Jika anak terus-menerus dididik dengan kekerasan, dia pun akan bersikap agresif. Kondisi ini bisa memperburuk kualitas sumber daya manusia di masa mendatang.
Oleh
Madina Nusrat/Benediktus Krisna/Dhanang David
·6 menit baca
JAKARTA, KOMPAS — Beberapa data dan survei menunjukkan remaja saat ini rentan mengalami stres hingga memiliki keinginan bunuh diri. Sementara di masyarakat ditemukan anak-anak melukai diri dan berusaha bunuh diri karena tertekan oleh pola asuh orangtua yang bernuansa kekerasan. Ketika keluarga menjadi sumber masalah, masyarakat perlu mengambil peran.
Sebut saja data Global Health Observatory menunjukkan angka kematian kasar akibat bunuh diri untuk anak usia 10-19 tahun sebanyak 2 orang per 100.000 penduduk pada 2016. Sementara dari hasil survei Global School-Based Student Health Survey yang diadakan Kementerian Kesehatan pada 2015 diperoleh 5 persen dari 10.837 siswa SMP-SMA di Indonesia ingin bunuh diri.
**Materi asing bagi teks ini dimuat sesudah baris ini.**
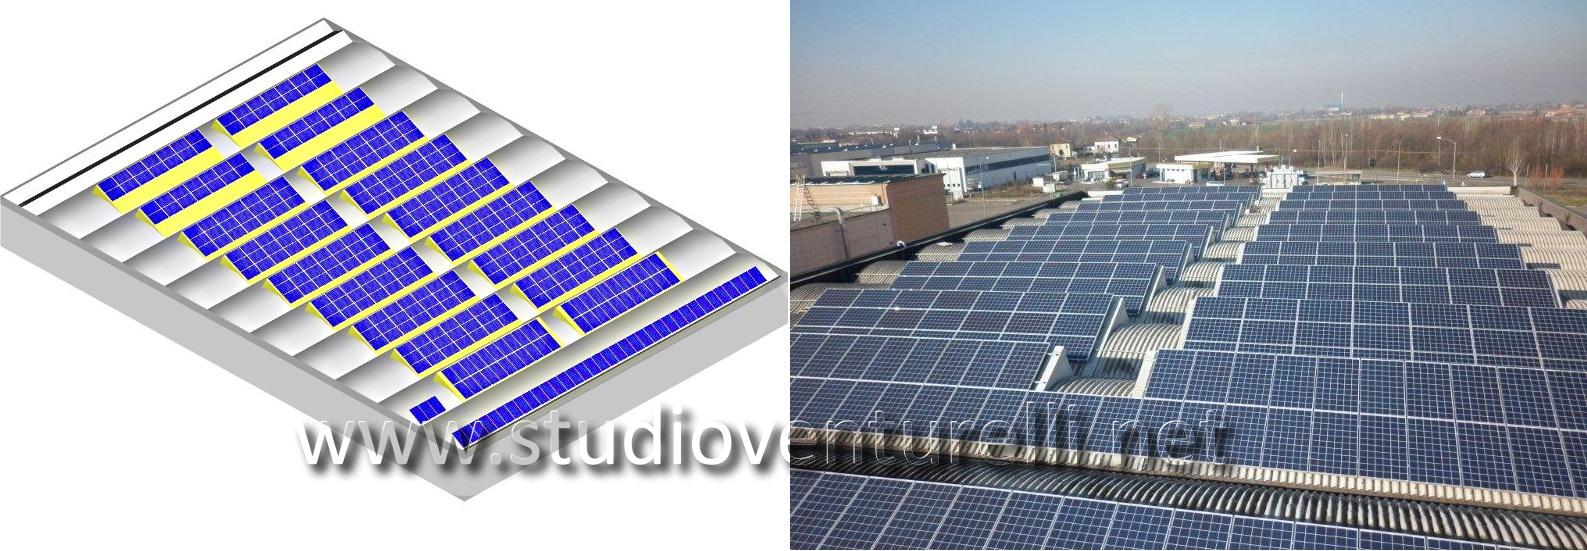 Impianto FTV da 89,7 kW

Penelitian terakhir dengan merujuk pada disertasi dr Nova Riyanti Yusuf, psikiater dan juga Ketua Perhimpunan Dokter Spesialis Kedokteran Jiwa DKI Jakarta, menunjukkan hanya 28,4 persen dari 910 siswa 17 tahun di SMA/SMK yang sehat mental. Selebihnya, 71,6 persen mengalami depresi, mulai dari ringan, sedang, hingga sangat berat. Tak kurang dari 125 anak atau 13,5 persen dari responden memiliki faktor risiko ide bunuh diri yang tinggi.
”Angka ini (remaja ingin bunuh diri) besar sekali sehingga kondisi kesehatan jiwa anak-anak kita cukup mengerikan,” jelas Nova yang dihubungi, Jumat (17/7/2020).
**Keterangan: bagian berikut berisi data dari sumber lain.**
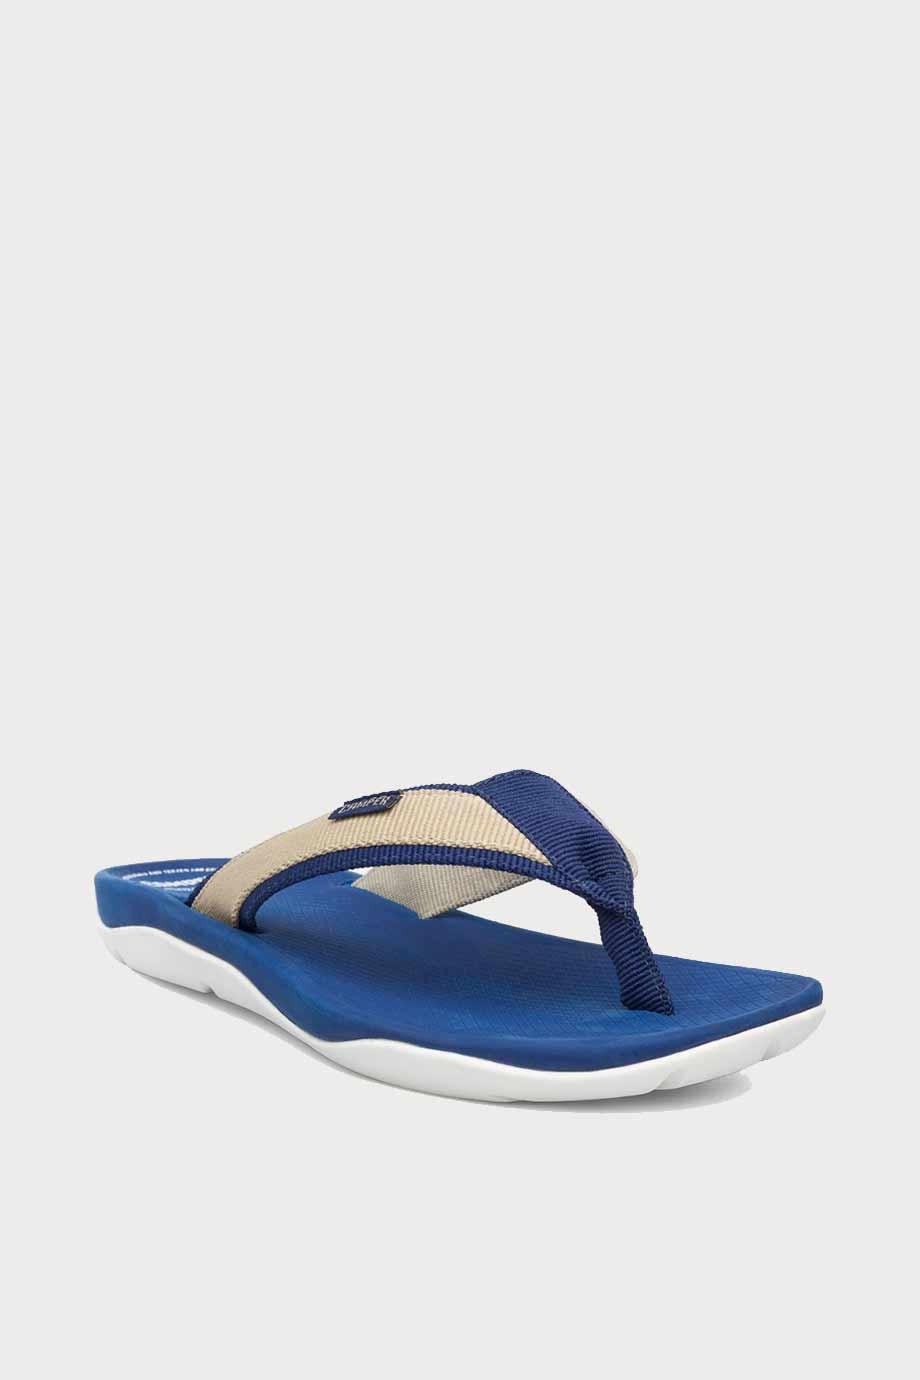 spiridoula metheniti shoes xalkida p Camper 18848 003 Match 1

Sayang, hingga saat ini Indonesia belum memiliki sistem registri kasus bunuh diri nasional. Nova pun menyampaikan, masalah kesehatan jiwa belum masuk dalam fokus Rencana Pembangunan Jangka Menengah Nasional.
Data jumlah pasien remaja yang melukai diri maupun mencoba bunuh diri di RS Polri Kramatjati dan RS Cipto Mangunkusumo, contohnya, sulit diperoleh. Saat mengajukan permohonan data tersebut ke Kementerian Kesehatan, Direktur Pencegahan dan Pengendalian Masalah Kesehatan Jiwa dan Napza Fidiansjah pun merujuk Kompas untuk meminta data tersebut kepada Nova.
Fidiansjah menyampaikan, kini Pusat Penelitian Pengembangan Sumber Daya Masyarakat dan Fasilitas Kesehatan Kemenkes tengah melaksanakan penelitian terkait tren remaja melukai diri dan bunuh diri. ”Penelitian sudah berlangsung dan dilaksanakan sesuai modul suicide prevention dari WHO (Organisasi Kesehatan Dunia),” jelasnya.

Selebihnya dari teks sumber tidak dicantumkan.